Working with metallic paints can be tricky and requires a lot of practice to become familiar with the products and their various application methods. It is possible, however, to apply an attractive metallic finish with practice. While the results will vary, depending on your skill level and the individual project, it helps to acquire some tips for using metallic spray paints to make the learning process a positive experience.
While it is not always convenient, it is best to work in a controlled environment where you can control weather conditions as well as provide a clean, stable area to work. Aerosol cans work better in temperatures 21.1 degrees Celsius and higher with less than 50 per cent humidity in the air. Colder temperatures hinder drying times, and high humidity causes streaks and discolouration in the paint finish. Protect nearby areas with dust sheets and avoid working in windy conditions, which causes excessive over spray in areas and may possibly blow debris onto your paint coats. Wear protective clothing, dust masks and goggles.
The quality of your project depends much on the amount of surface prep you do. Clean your project with a mild household detergent to remove dirt and grime. To avoid contaminating the surface with oils from your skin, limit how much you handle the item. If possible, build a hands-free setting on which the object rotates on a shelf or is posted on a sturdy stick or rod. Create a porous surface that bonds with the metallic paints properly by sanding the object with sandpaper. Apply a coat of primer suited for the material you plan to paint (i.e. wood, plastic or metal primer).
Always follow the manufacturer's directions on the spray paint before using. Shake the spray can vigorously for at least two minutes before spraying and again for one minute for every 10 minutes of use. Hold the spray can or gun at least 12 inches away from the item you plan to paint.
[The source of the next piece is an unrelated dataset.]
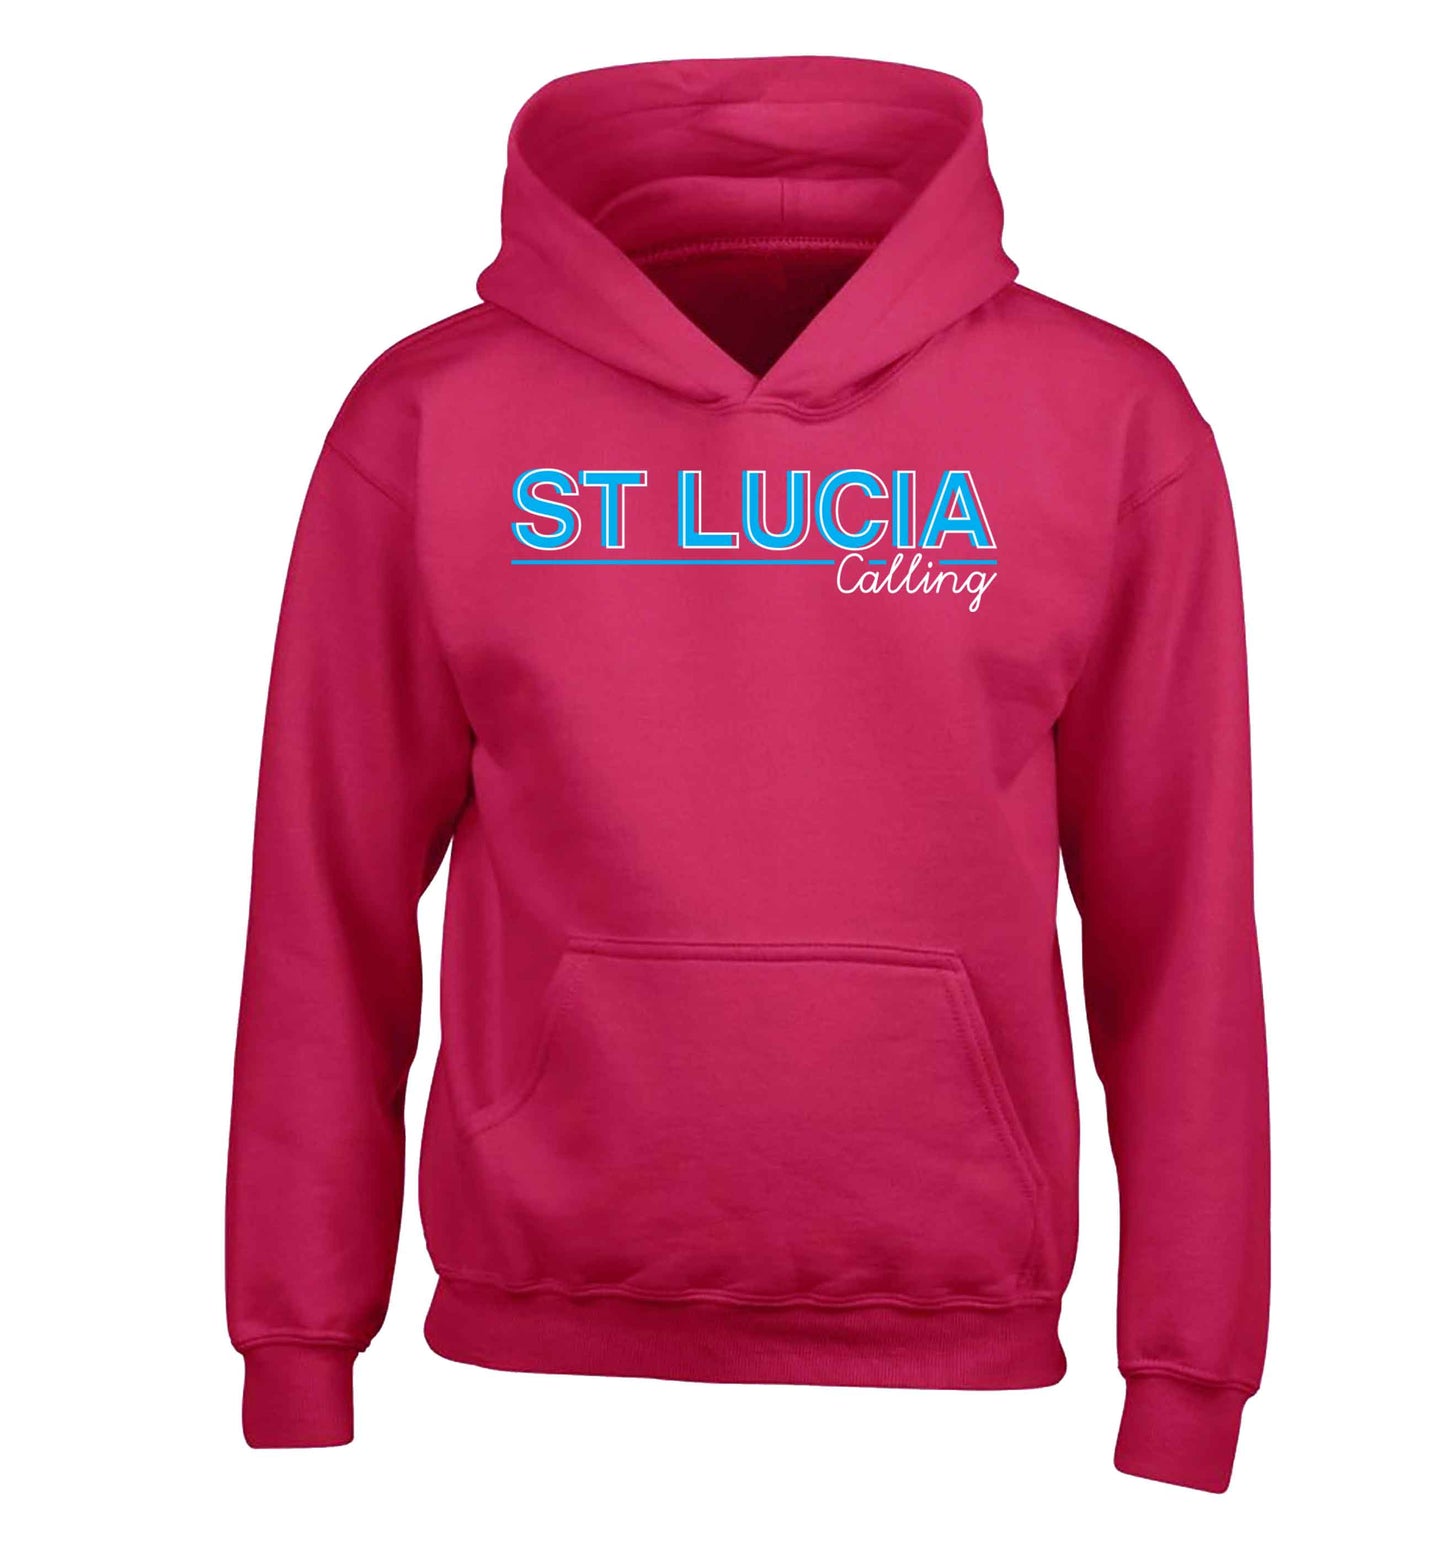 St Lucia calling children's pink hoodie 12-13 Years

Test the flow of the spray paint by first spraying on a scrap piece of material. Test the colour fastness and compatibility of the paints and your project by spraying the paint onto an inconspicuous spot. If the paint adheres properly to the paint surface, it is fine to proceed.
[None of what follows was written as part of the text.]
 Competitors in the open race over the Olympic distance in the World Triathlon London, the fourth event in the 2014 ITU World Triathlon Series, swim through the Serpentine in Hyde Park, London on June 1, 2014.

When spraying metallic paints, it is better to spray with overlapping light sweeps instead of one heavy coat. Begin by spraying off the project and across the surface of the material in one long swipe for a smooth coat. It is important to note that no amount of polyurethane will even out or conceal minor defects. If you make a mistake, allow the project to dry, sand the paint layer off and begin again.
Protective Top Coat
Not all metallic paints withstand exterior weather conditions, so protect the surface with a protective topcoat; however, the topcoat may diminish the metallic appearance and create a dull finish. Experiment with polyurethane or lacquer sealers on scrap material to find the right product for your finishing needs.